Siberian Roots

The following was written in June 2013 by Katja Post-Zyhlarz, the daughter of Nadezhda Innokentyevna Gorokhova who was Michael Innokentevich Gorohoff’s older sister

My great-grandfather Baron Ivan von Wahl (pronounced “fonn vaal”) came from a Baltic German noble family and was owner of a large estate near Yakutsk. His wife Mariya had gipsy roots. Only 3 of their 20 (!) children survived: my grandmother Yekaterina Ivanovna and two of her brothers. The first brother was a district attorney by profession, not married, and lived in Irkutsk. The second brother (named Nikolay or Nikita) was a merchant and lived also in Irkutsk. He was married, and his daughter studied piano at the Irkutsk Conservatory. During or after the civil war (1918-1922) she married a Chinese pianist, and they both escaped to Peking, China.

Once in a year Baron von Wahl travelled to St. Petersburg for visiting relatives of the von Wahl family, and for selling furs, gold and diamonds from the Yakutsk district.

When my grandmother Yekaterina Ivanovna married my grandfather Innokenty Mikhailovich Gorokhov, her father was shocked and very angry (“What a misalliance!”), and he disinherited her.

Innokenty Gorokhov came from Verkhoyansk, Northern Siberia. His father Mikhail Gorokhov was a jewish Russian/Ukrainian merchant, his mother was descended from an Evenk family. Evenks (also known as Tungus) are one of the indigenous peoples of the Russian North. Innokenty Gorokhov had two professions – he worked as schoolteacher and as ethnologist. And he collected folk-tales of peoples of Yakutia.

After her marriage, Yekaterina Ivanovna began to study medicine at the University of Tomsk, Western Siberia. She was the first female student of medicine and the first female doctor working in Siberia.

In 1891 a British nurse, Kate Marsden, was traveling through Yakutia. She was a leprosy specialist and was deeply impressed by the miserable living conditions of lepers under the Yakut people. In the same year she founded a leprosarium near the town Vilyuysk which is located about 370 miles from Yakutsk on the river Vilyuy. She described her journey in her book “On Sledge and Horseback to Outcast Siberian Lepers” (Cassell Publishing, New York, 1892).

My grandmother Yekaterina Ivanovna finished her studies in Tomsk and worked first for several years in the Vilyuysk leprosarium. She was living there together with her husband Mikhail and their children Musa, Boris, Gleb, Mikhail (Misha), and Nadezhda. Some years later they moved to Yakutsk where Yekaterina Ivanovna established a doctor’s office. When Innokenty Gorokhov deceased suddenly and unexpected in 1908, my grandmother said, “I was a spoiled princess. My husband turned me into a real human being.”

In 1915 or 1916 Musa Gorokhova married William Nathanson, a German army officer, and both went to Berlin, Germany.
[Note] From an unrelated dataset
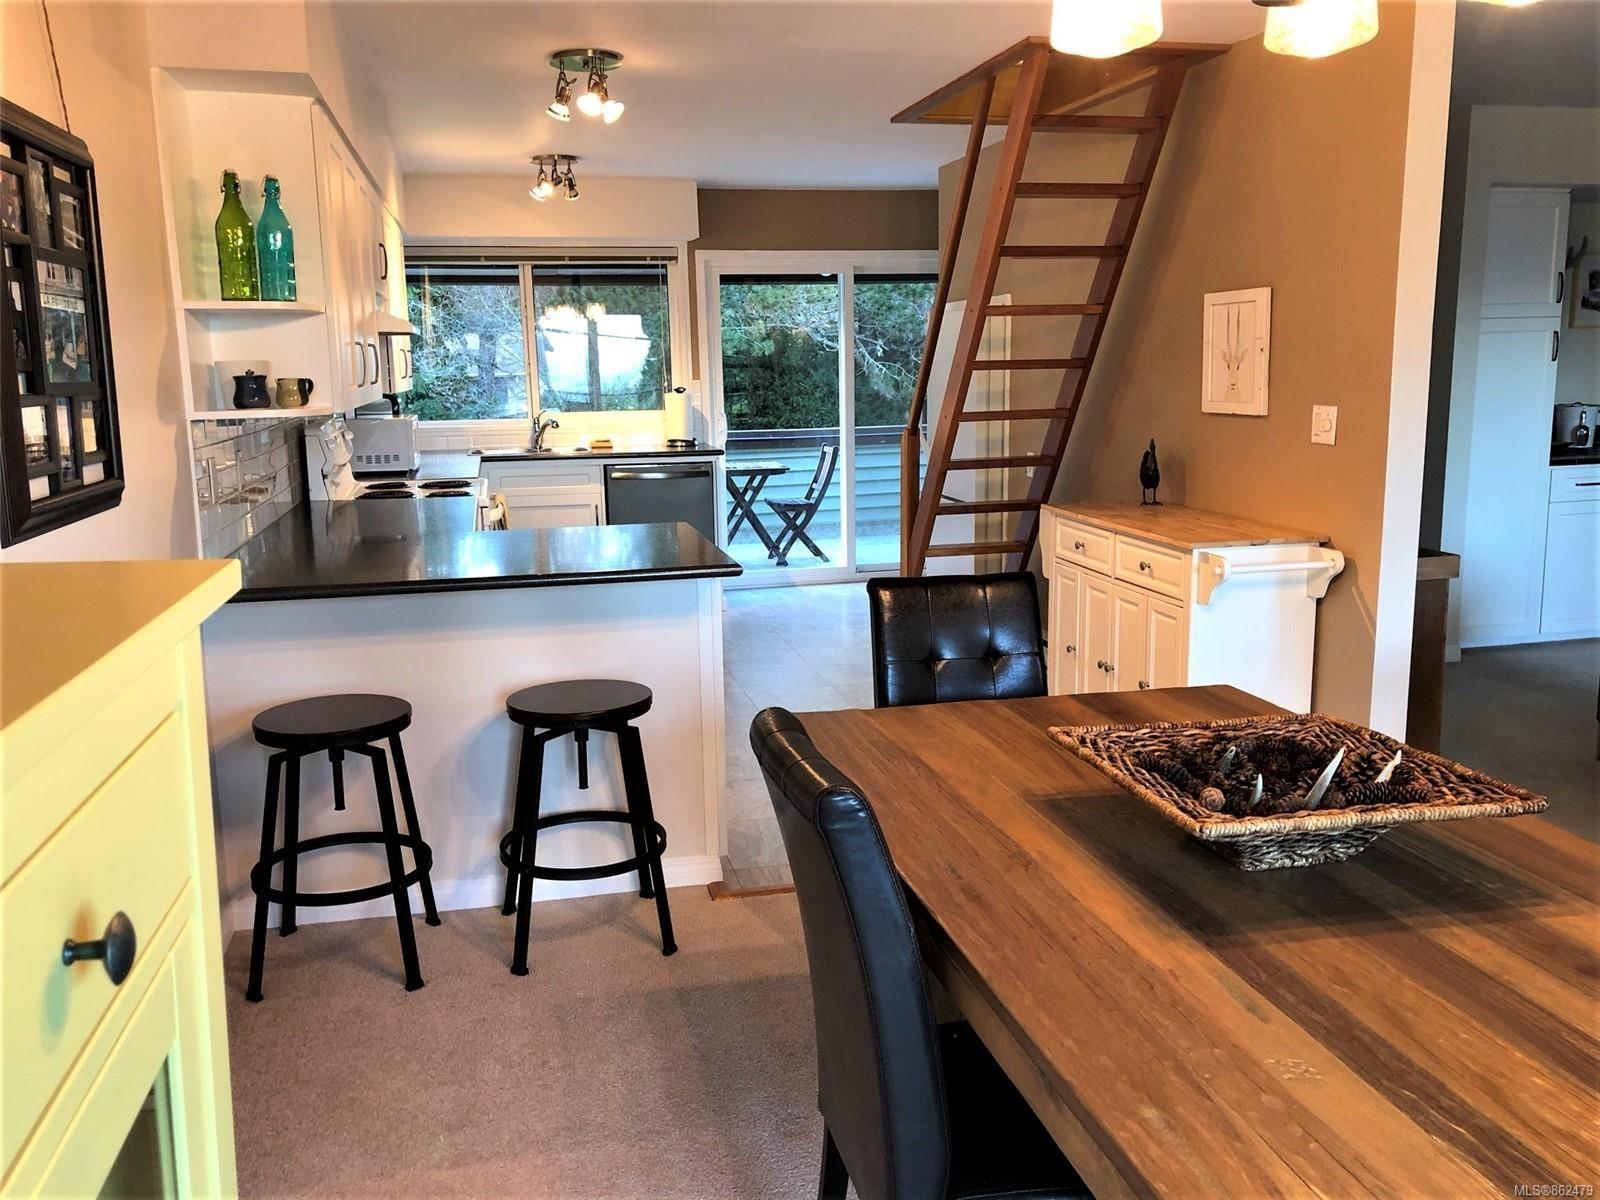 Photo 19: Photos: 6 570 W CRESCENT Rd in : PQ Qualicum Beach Row/Townhouse for sale (Parksville/Qualicum)  : MLS®# 862479

He was a prisoner of war and had stayed together with other German POWs in Yakutsk. For me it is a mystery how it was possible to get a marriage license and a travel license from Russia to Germany during the war …

In 1917 my grandmother Yekaterina Ivanovna moved together with my mother Nadezhda to Irkutsk because she had the opportunity to work in a hospital. In winter 1917 in several villages near Irkutsk epidemic typhus broke out. Yekaterina Ivanovna went there to help the sick people. Two weeks later she got infected and died on January 7th, 1918 at the age of only 43 years.
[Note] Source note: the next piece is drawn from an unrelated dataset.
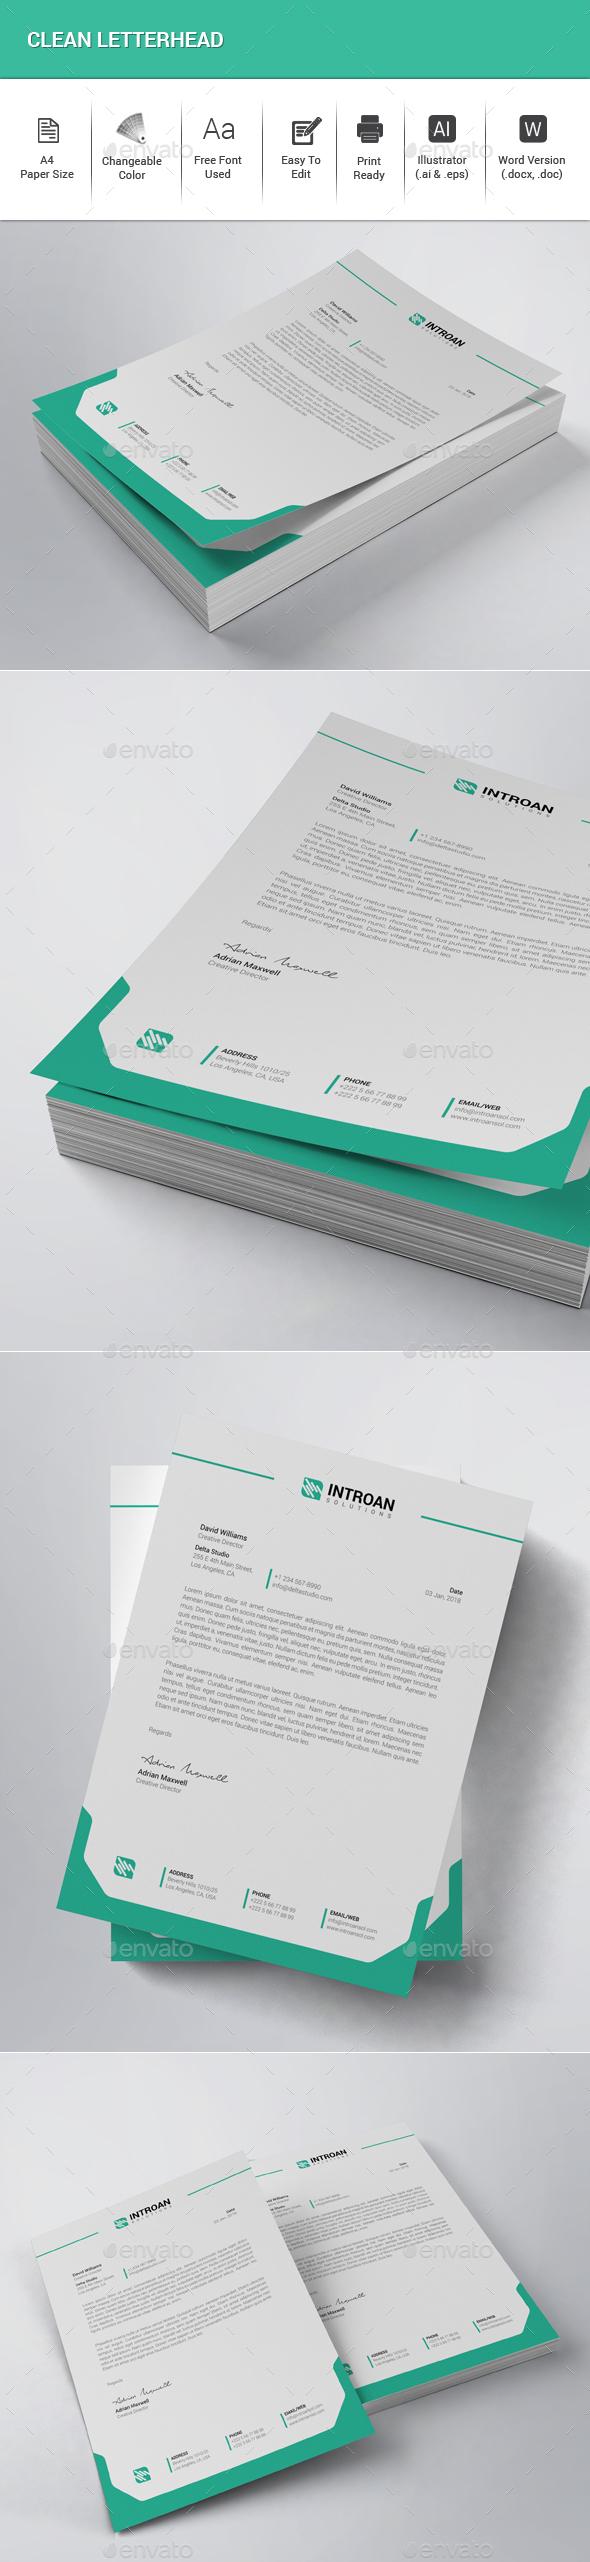 Clean Letterhead - Stationery Print Templates

The fourteen years old Nadezhda lived for two years with her unmarried uncle (district attorney von Wahl) and had to work hard as his housekeeper. Afterwards the other uncle von Wahl took care of her.
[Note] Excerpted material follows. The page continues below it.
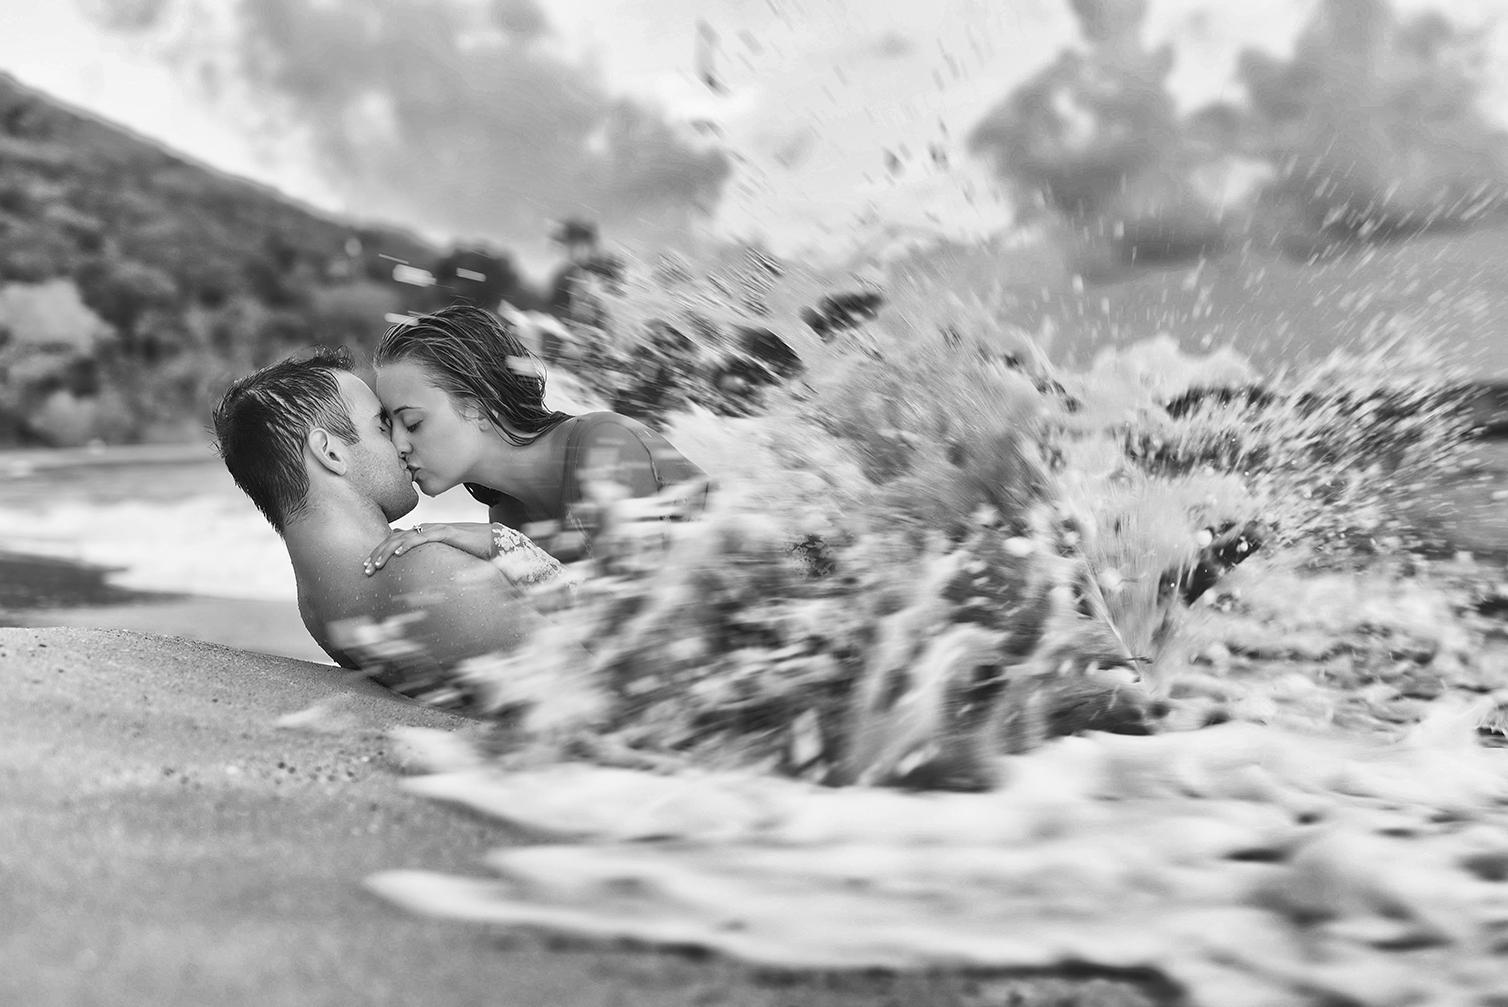 Love for Water002.jpg

WW1 ended and the civil war began. Boris Gorokhov served in the Tsarist army. In 1918 (or 1919) he was appointed as town major of Yakutsk. A short time later members of the Bolshevik Red Army killed him.

Gleb Gorokhov was a young student of theology. One day he tried to protect a group of farmers against an attack by members of the Tsarist White Army. He was shot.

In 1925 my mother Nadezhda received an exit visa for visiting her sister Musa in Berlin, Germany. She never again returned to Russia.